Amount of Data | Sequential | Pipeline Pattern |
---|---|---|
14 | 145.78ms | 64.98ms |
1792 | 17.38s | 6.46s |
3584 | 33.51s | 12.09s |
14.336 | 2m18.07s | 50.83s |
Conclusion
Pipeline Pattern is very useful when we have processes that are interrelated but the data is a lot and each data to the other data does not need to wait so that we can parallelize the process. It is very useful when we implement a process like this to make the process more efficient so that each data that will be processed sequentially does not need to wait for the previous data process to finish.

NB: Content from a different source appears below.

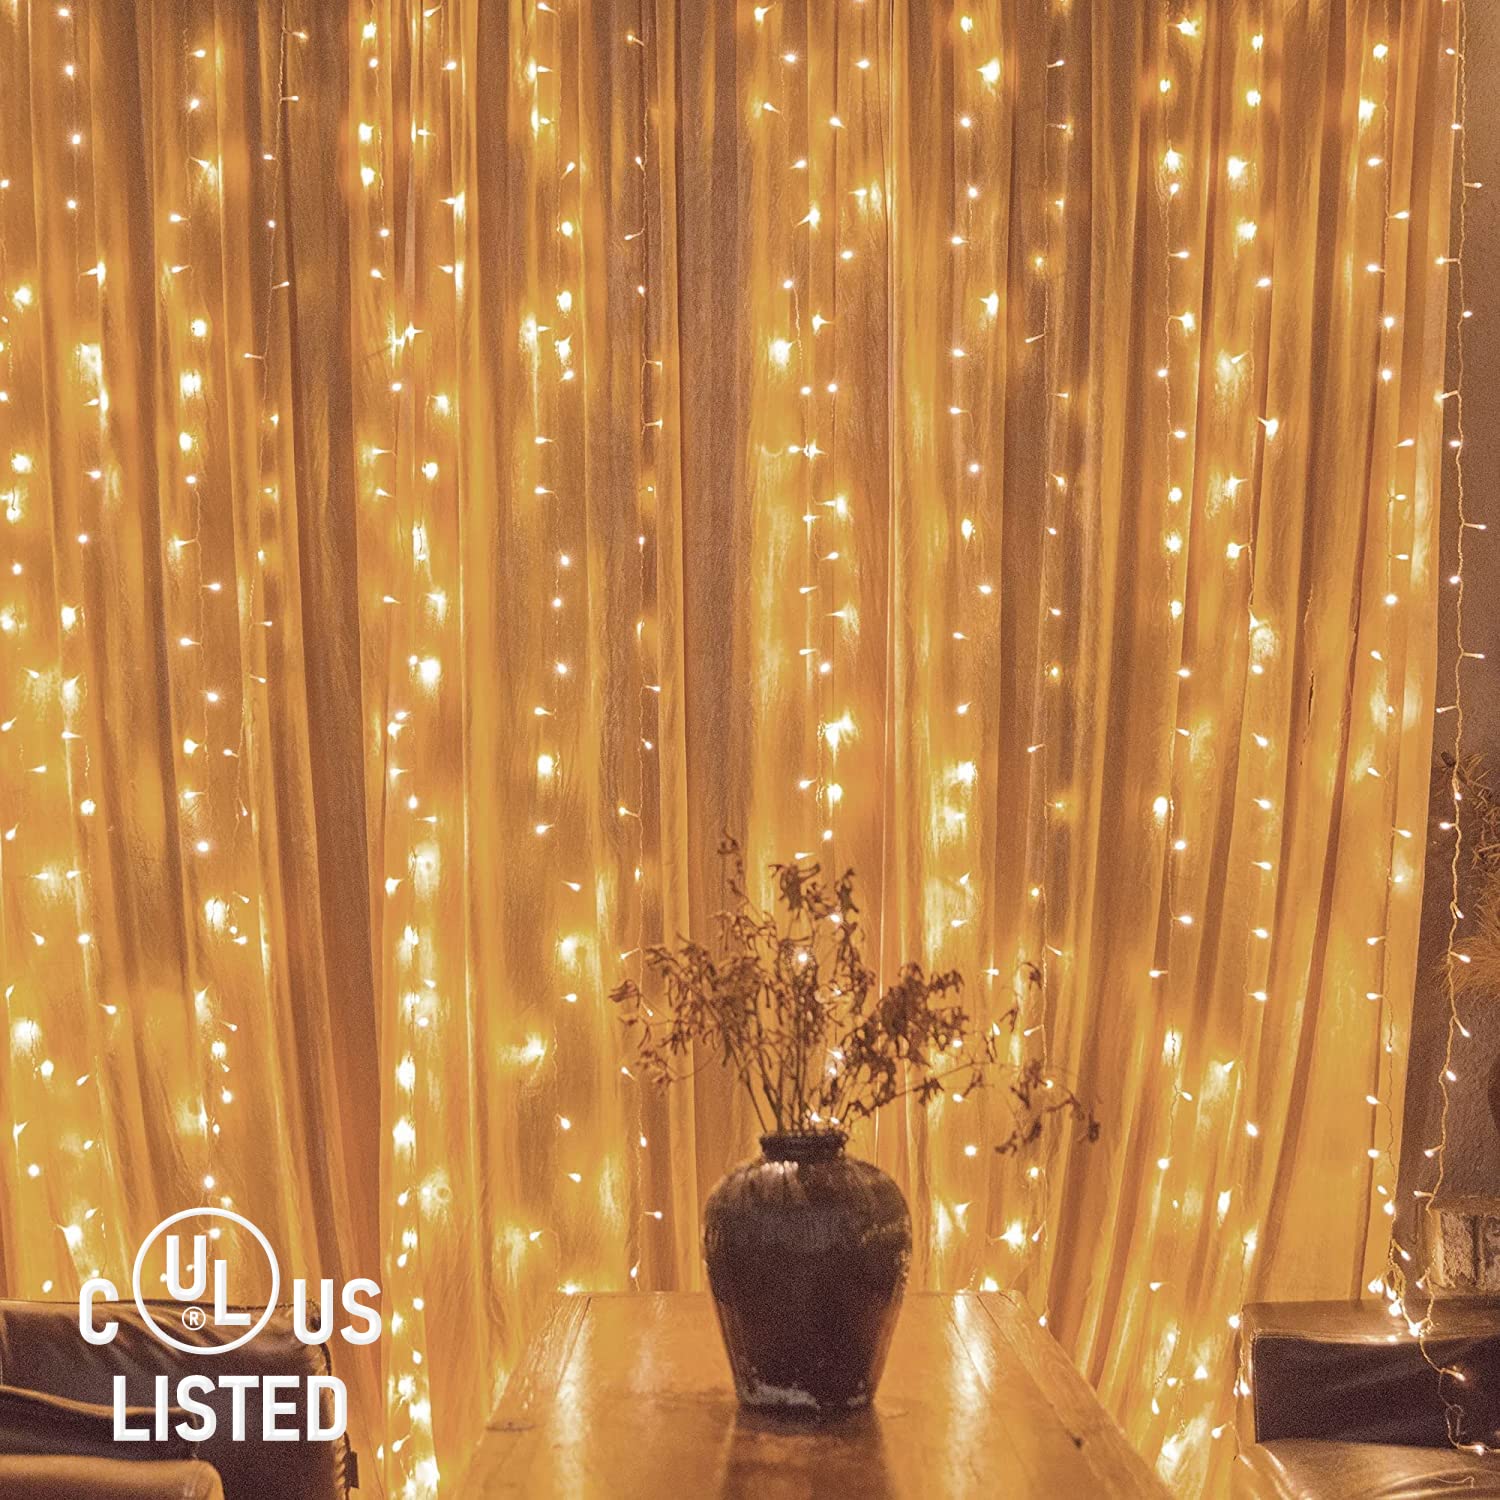 Twinkle Star 300 LED Window Curtain String Lights Wedding Party Home Garden Bedroom Outdoor Indoor Wall Decorations, Warm White

This can be seen from the experiments that we do by comparing the first two processes, namely using a sequential process where each data waits for the process to finish, while the second process uses a pipeline pattern where the first data, second data and so on do not need to wait for the previous process to finish, as long as each data has the same process sequence so that it provides faster data processing that can be up to 2 times faster than the process using ordinary sequential.
This experiment does not have large data, only 14 images, but if you want to try further exploration, you can add more images so that you can see whether the process is more efficient or not.